Convention pour le climat : Objet de démocratie non identifié

Si la convention citoyenne est une institution inédite, voire aberrante, elle a le mérite d’aboutir, presque à l’unanimité des 150, à des mesures prônées par les ONG depuis des années.

Vanina Delmas  • 24 juin 2020 abonné·es
Convention pour le climat : Objet de démocratie non identifié
Les 150 participants à la CCC ont décidé de se constituer en une association, « Les 150 », afin de suivre leur projet.
© Katrin Baumann/Convention citoyenne pour le climat

istorique », « inédit », « le plan climat le plus ambitieux du monde », « un bel exemple d’intelligence collective »… Les compliments débordant d’emphase ne manquent pas pour saluer les neuf mois de travail des 150 citoyens tirés au sort à l’automne 2019 pour la première Convention citoyenne pour le climat (CCC). Laurence Tubiana, coprésidente du comité de gouvernance, a reconnu avoir pris « une sacrée leçon de civisme et de démocratie », et espère que le sérieux de la réponse gouvernementale sera à la hauteur de celui du travail des 150.

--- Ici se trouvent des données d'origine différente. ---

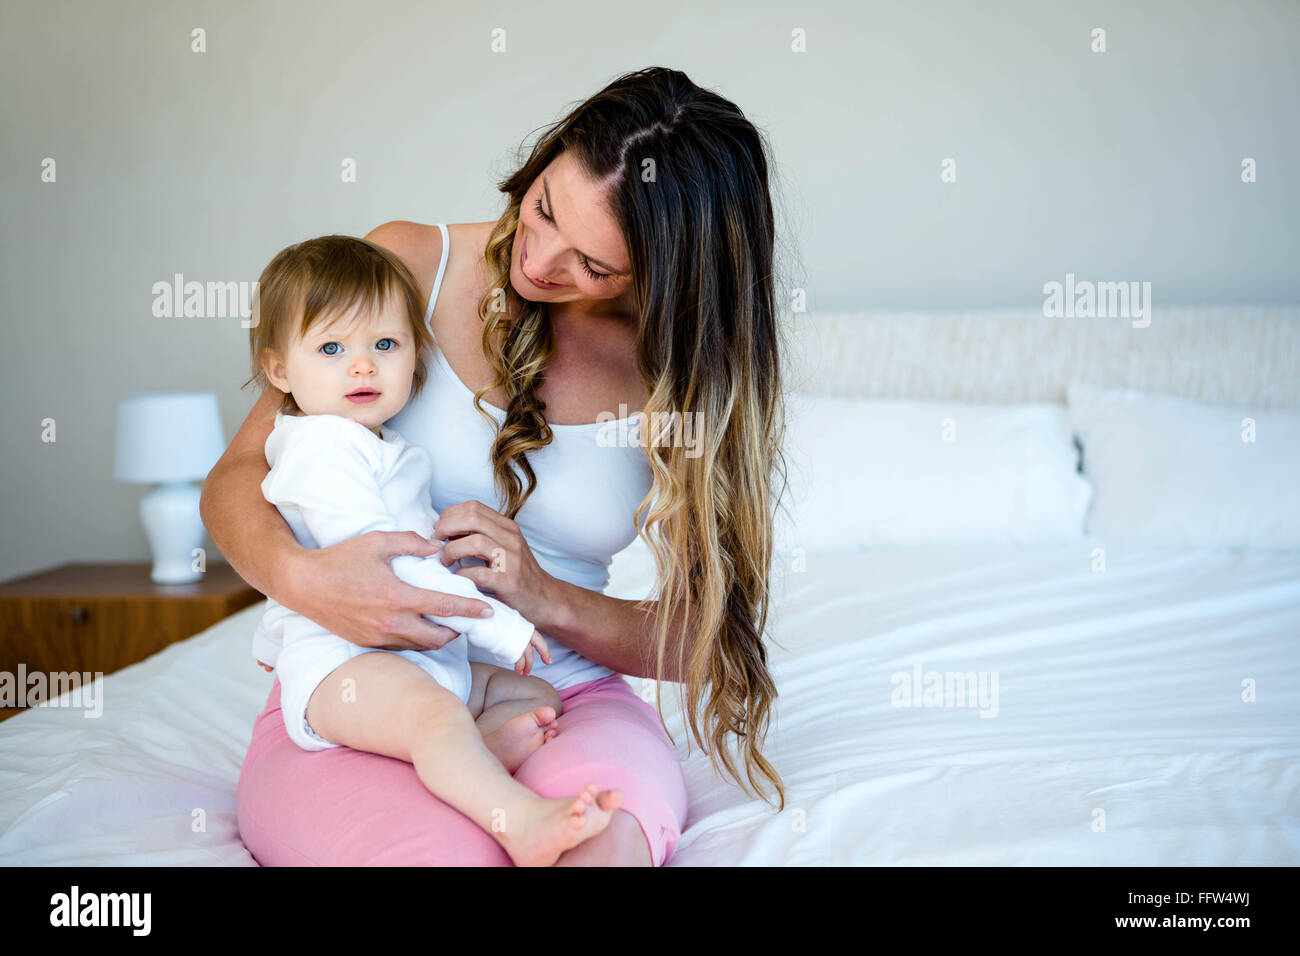 Brunette woman holding a baby sur un lit Banque D'Images

Répartis en cinq groupes de travail thématiques – se nourrir, se loger, se déplacer, consommer, produire et travailler –, ils ont planché sur des mesures allant de l’obligation de rénovation thermique des bâtiments, la mise en place d’un score carbone, la limitation progressive du transport aérien, jusqu’à la lutte intensifiée contre l’artificialisation des sols grâce à la réquisition des espaces vides, ou la régulation de la publicité…

La majorité de ces mesures a été adoptée avec plus de 90 % des votes. Mais les citoyens ont finalement décidé d’insister sur la nécessité d’un changement de société global et radical en proposant à référendum la création du crime d’écocide, qui pourrait engager la responsabilité des entreprises les plus polluantes – déjà rejeté par le Parlement l’an dernier –, et la modification de la Constitution. Serait inscrit dans le préambule : « La conciliation des droits, libertés et principes qui en résultent ne saurait compromettre la préservation de l’environnement, patrimoine commun de l’humanité. » Et dans le premier article serait ajouté que « la République garantit la préservation de la biodiversité, de l’environnement et lutte contre le dérèglement climatique ».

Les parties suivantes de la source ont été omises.